> _The data_:
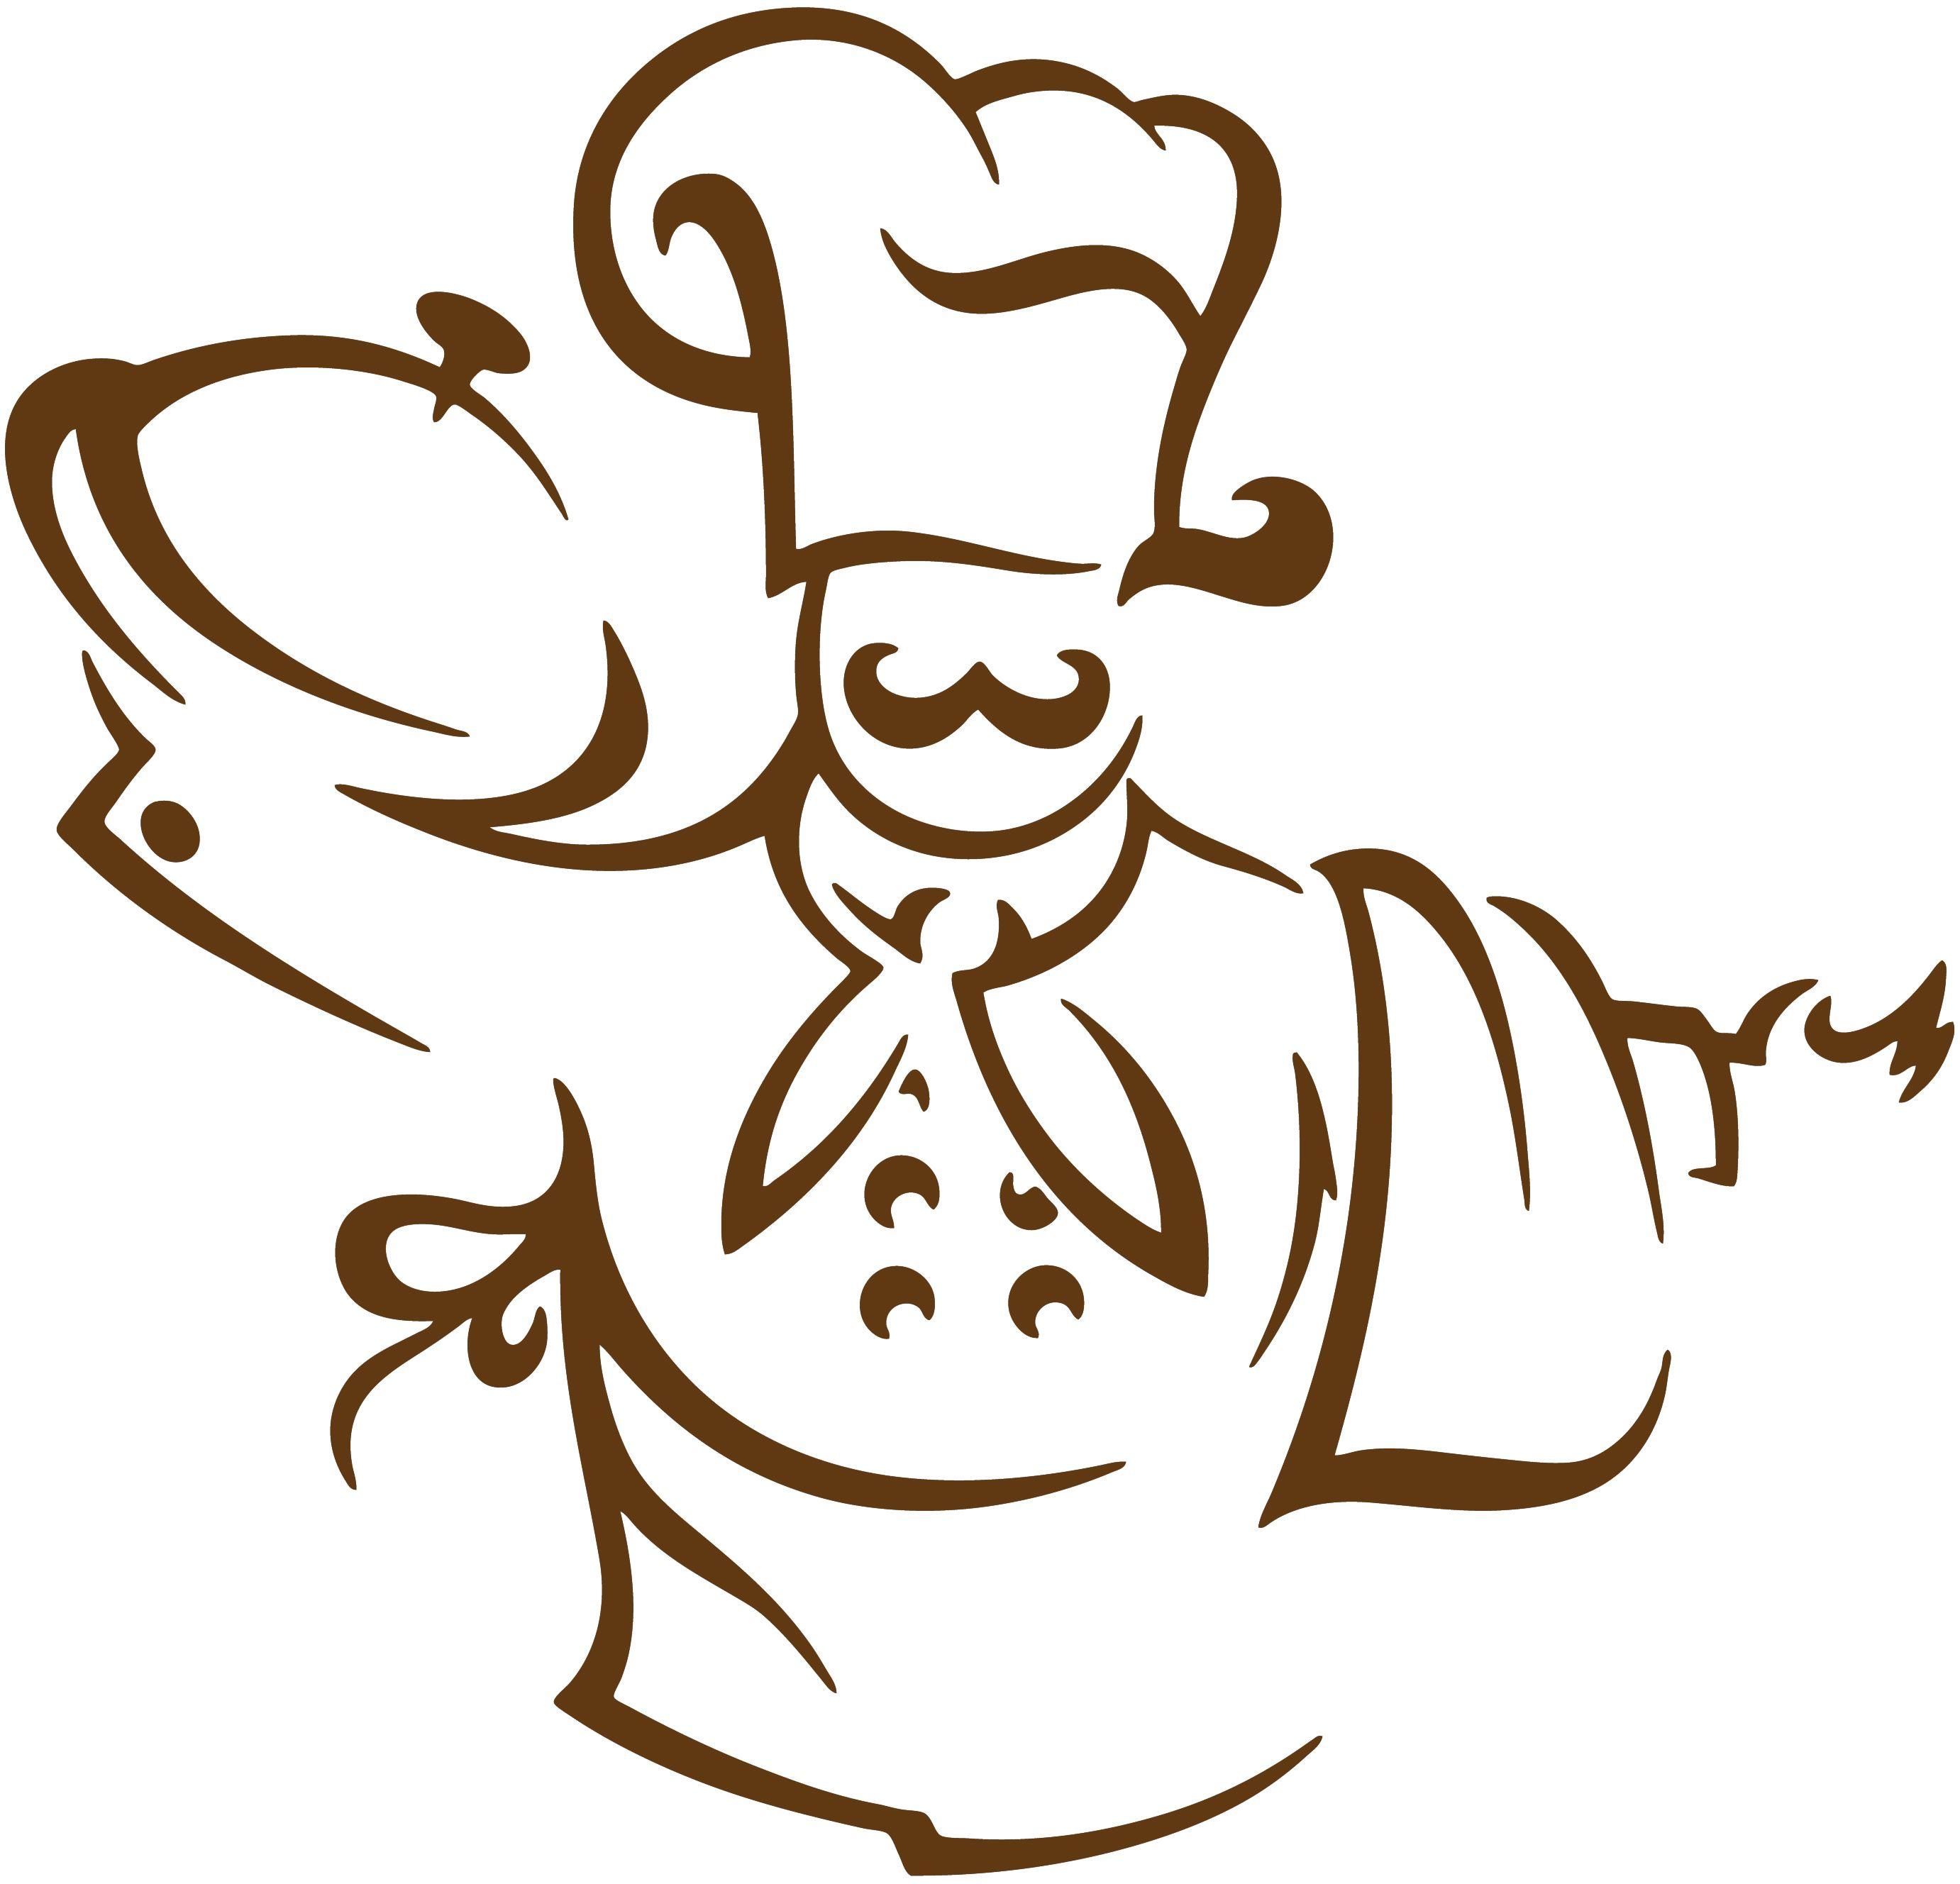 Sticker Cuisine Chef Avec Soupi Re Cocina
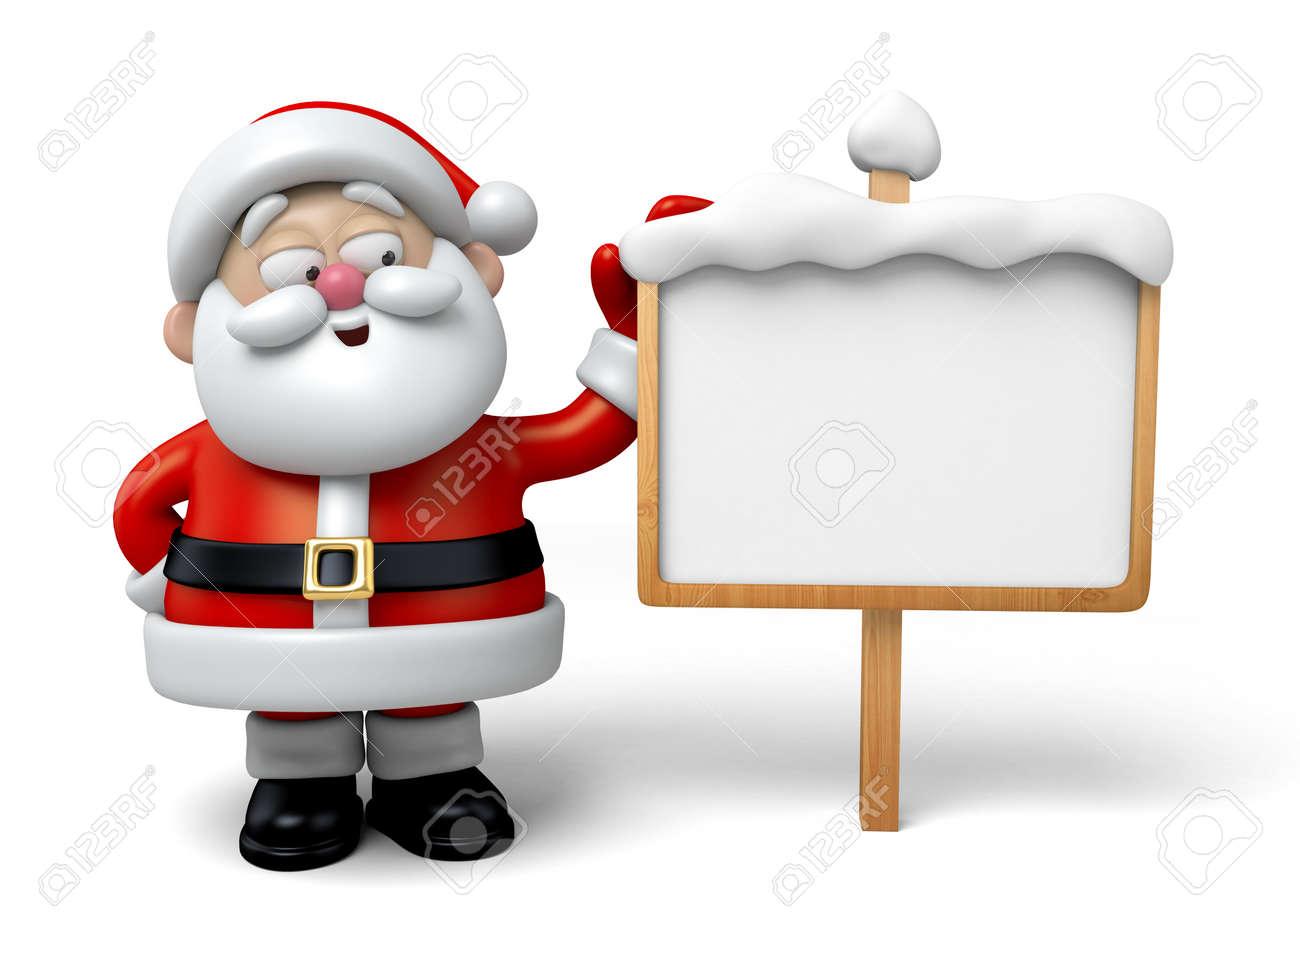 The Santa Claus and a billboard - 47549419
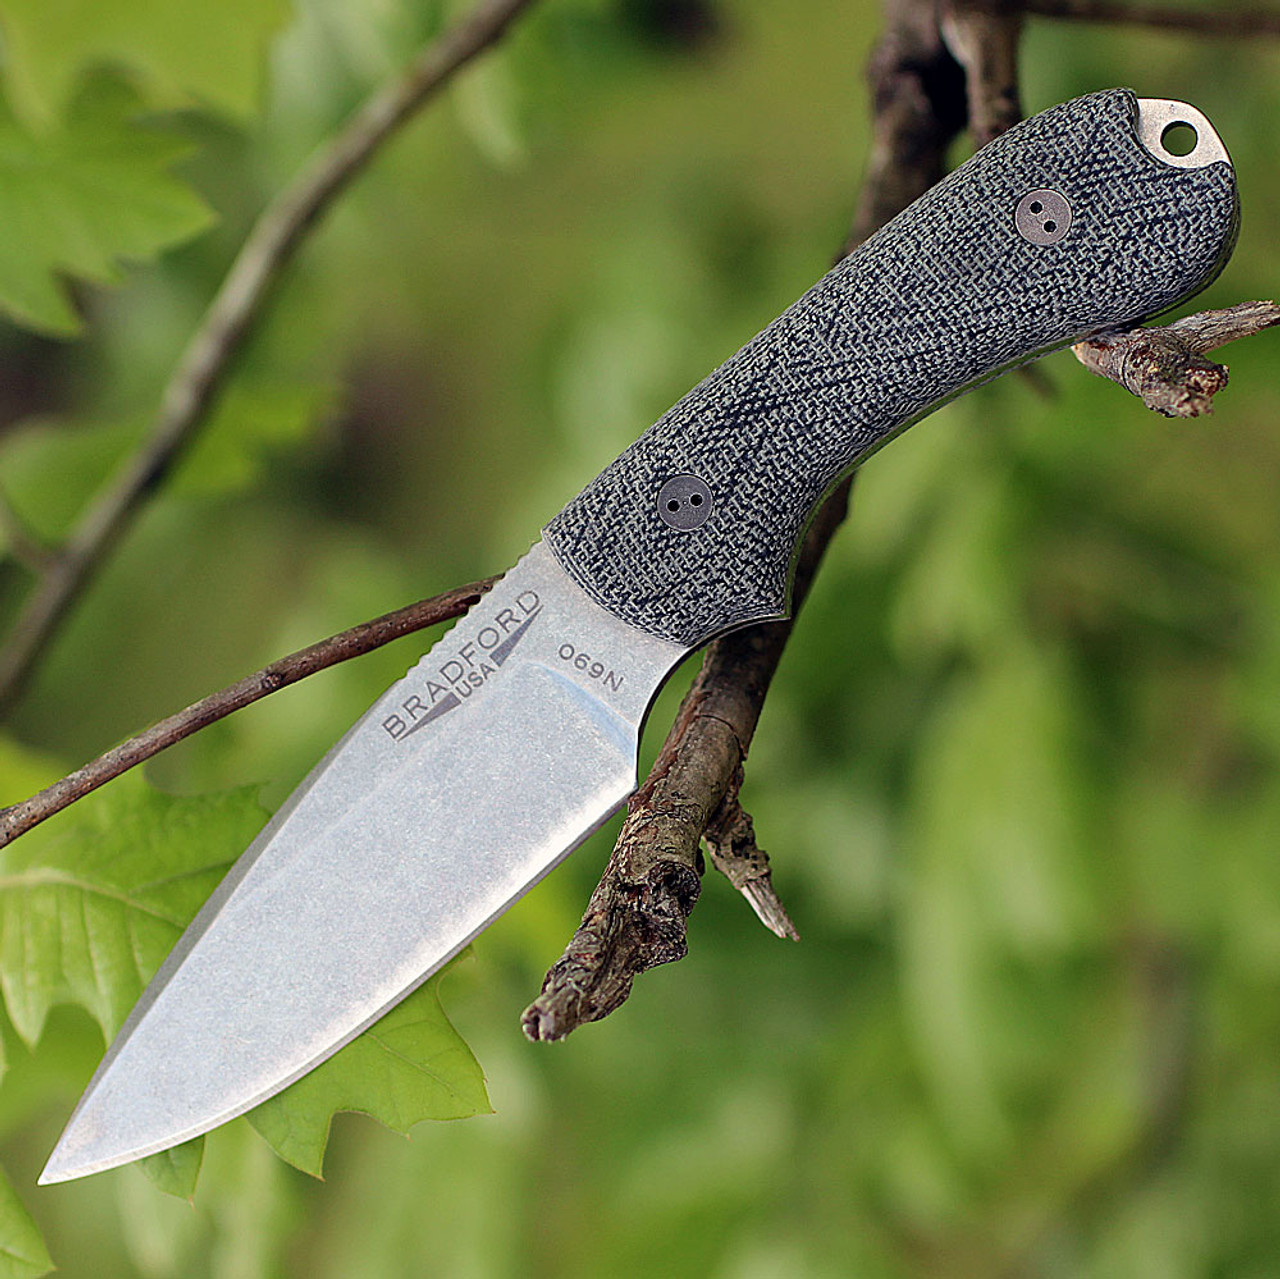 "Bradford Guardian3 3D, 3.5"" N690 Plain Blade, Black Micarta Handle"

> _Task instructions_:
All of the material above is to be copied exactly, except for its images.

> _Task response_:
 Sticker Cuisine Chef Avec Soupi Re Cocina
 The Santa Claus and a billboard - 47549419
 "Bradford Guardian3 3D, 3.5"" N690 Plain Blade, Black Micarta Handle"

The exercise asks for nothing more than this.